Embracer Group has no plans to stop its acquisition spree. The Swedish holding company wants to make at least several dozens of M&A deals in the future.
Embracer has spent a total of $8.1 billion on 62 acquisitions since 2020. Speaking of the holding company’s future plans, CEO Lars Wingefors told Financial Times that he intends to make a similar number of deals in the months and years ahead.
Embracer Group is now looking to expand into markets like France, the US, the UK, Poland, and China. It also wants to step into the area of free-to-play games.
The holding’s acquisition strategy made it the largest game company in Europe by market capitalization. It now has 10 operative groups, including Saber Interactive, Koch Media, Gearbox, and THQ Nordic.
Together, these subsidiaries control 112 studios across several countries, which have hundreds of titles in development. “If you can make one game, you have a big business risk but if you make 200 games, like we do, the business risk is less,” Wingefors said.

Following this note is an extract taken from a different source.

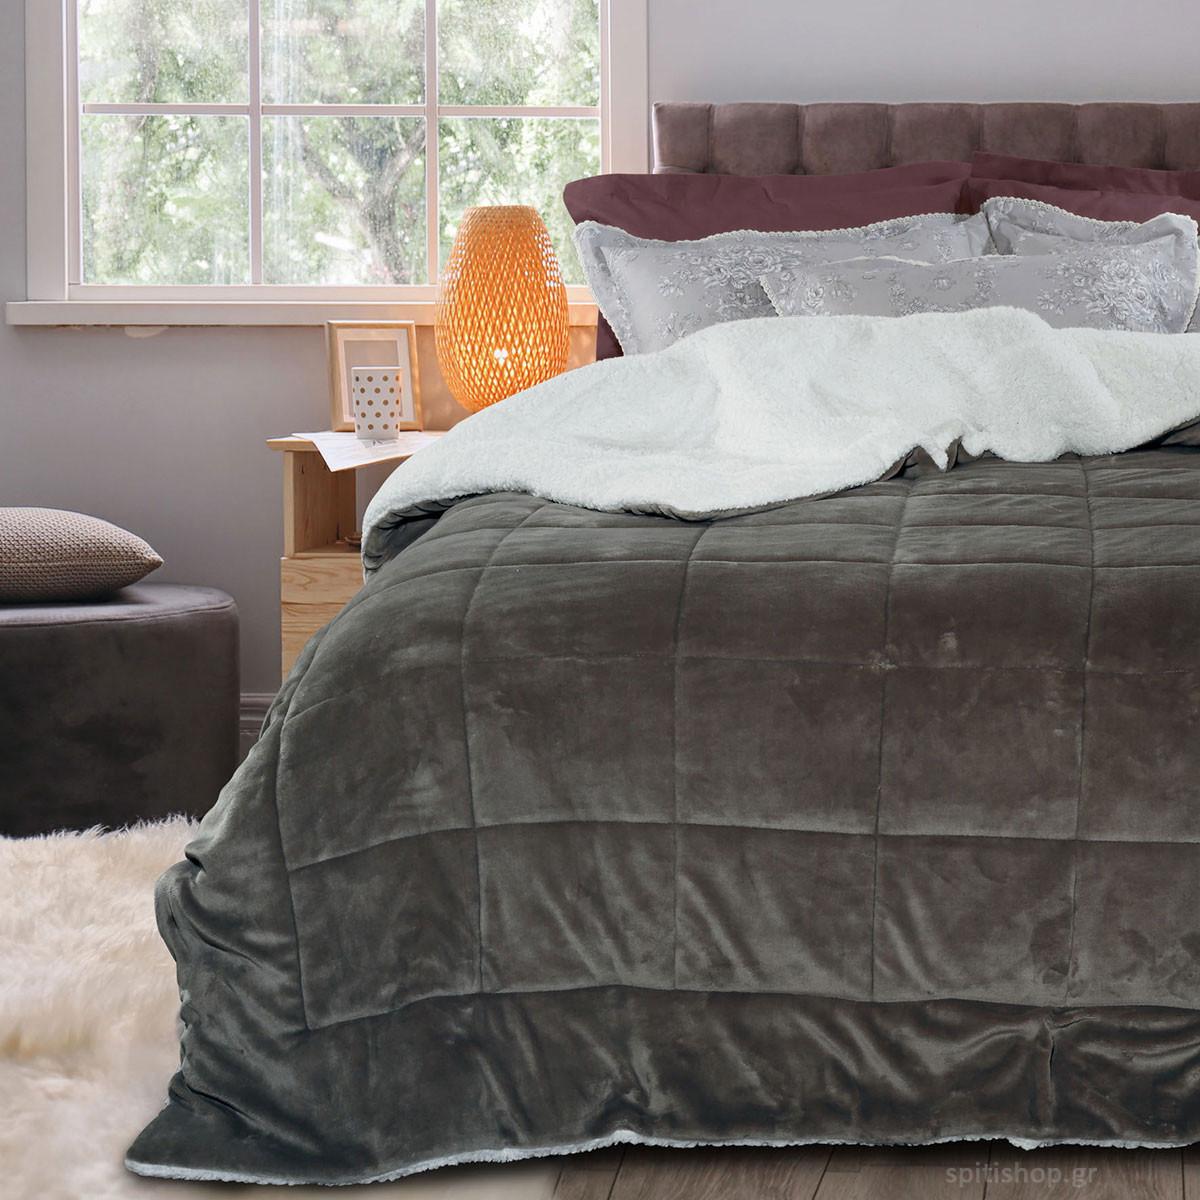 Κουβερτοπάπλωμα Υπέρδιπλο Das Home Blanket Fleece Sherpa 1124 home   κρεβατοκάμαρα   παπλώματα   κουβερτοπαπλώματα

In its latest financial report, Embracer noted that 25 out of 216 games in its pipeline are AAA titles expected to come out before March 2026. Wingefors also said that the holding has become more selective in picking acquisition targets: “The companies we welcome to our family need to have a long-term mindset, bold ambitions, and feel at home.”
Some industry experts, however, are skeptical about Embracer’s strategy. As Jefferies gaming analyst Ken Rumph told Financial Times, the company’s success could be just an accident of timing. “You think you’re a genius buying a bog-standard house in a middling suburb, and doing it up, thinking it will make more money. But in the end, it’s still just a bog-standard house in the same location,” he noted.